How to plot your data
---
# Basic Data Visualization
As mentioned before, we will be skipping plotting with base R and using {ggplot2} instead. ggplot2 works by layering plots (geoms) and annotations on a common coordinate system. There are many different built in plot types available including scatter plots, bar plots, box plots, dot plots, and violin plots.

There are many resources, including a fantastic [ggplot2 tutorial](https://cedricscherer.netlify.app/2019/08/05/a-ggplot2-tutorial-for-beautiful-plotting-in-r/) by Cedric Scherer, a [cheat sheet](https://github.com/rstudio/cheatsheets/raw/master/data-visualization.pdf) of available geoms, and a full [reference book](https://ggplot2-book.org/index.html).

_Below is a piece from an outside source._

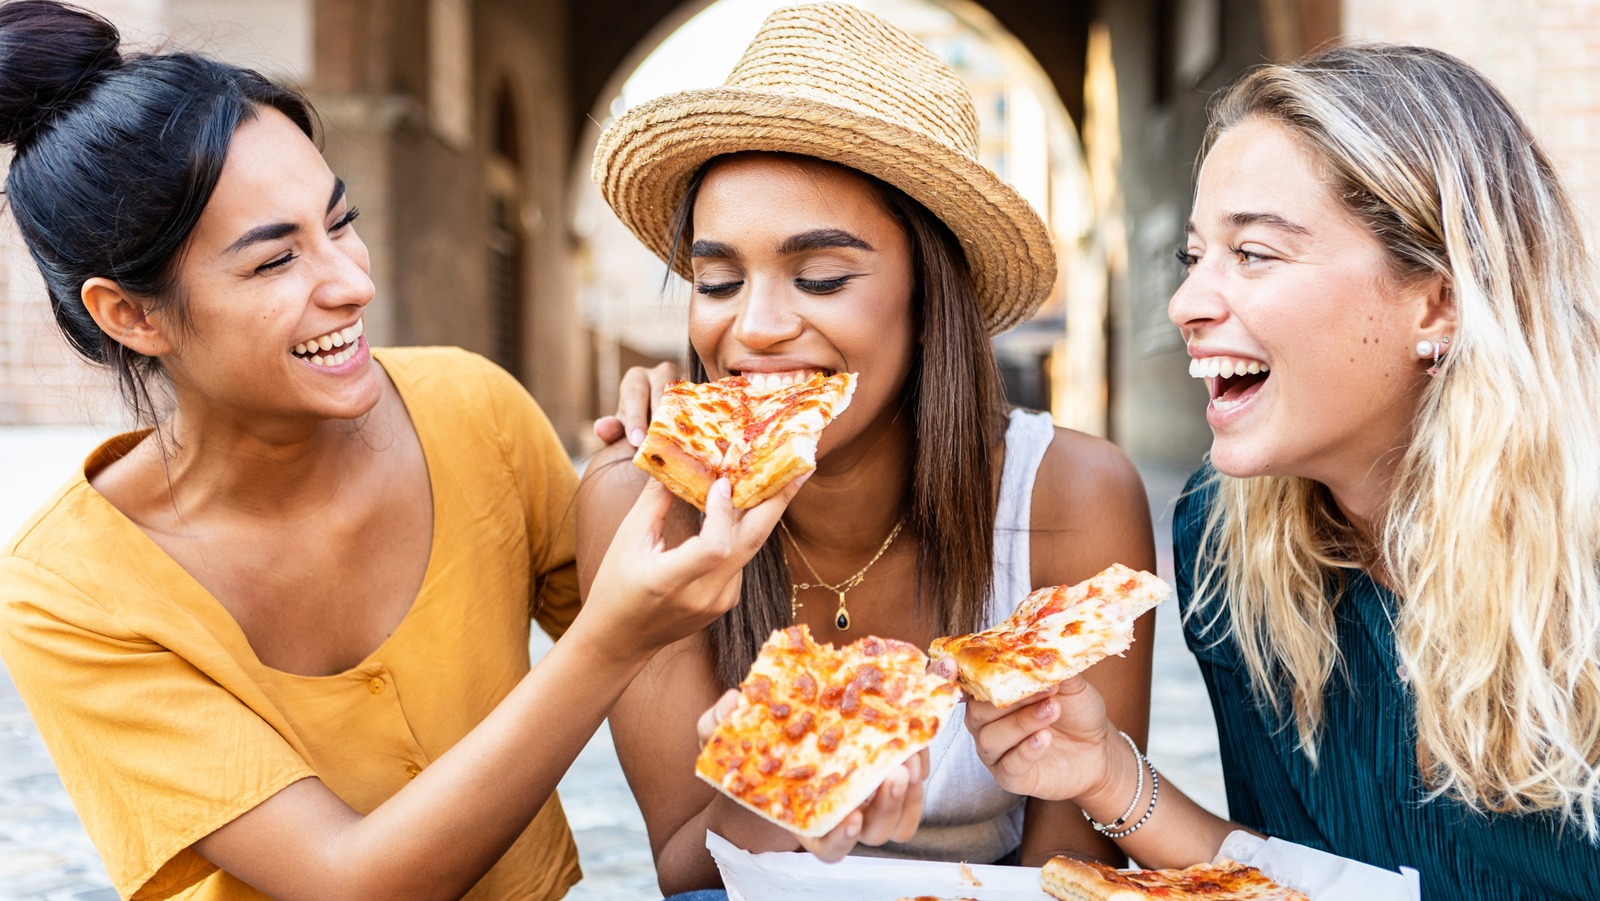 The Pizza Topping That You Should Try If You're An Aquarius

We will start just plotting each replicate of bill length for each penguin species.

---
# Basic Data Visualization

.panelset[
.panel[.panel-name[Comments]
When calling ggplot, we have to give it some aesthetics. In this case we tell it the x-axis will be "species" and y-axis will be "bill_length_mm". We also have to tell it what type of plot we want, in this case geom_point() will give us some points.

You can call other geoms to get different plots and layer geoms on top of each other. 
]
.panel[.panel-name[Code]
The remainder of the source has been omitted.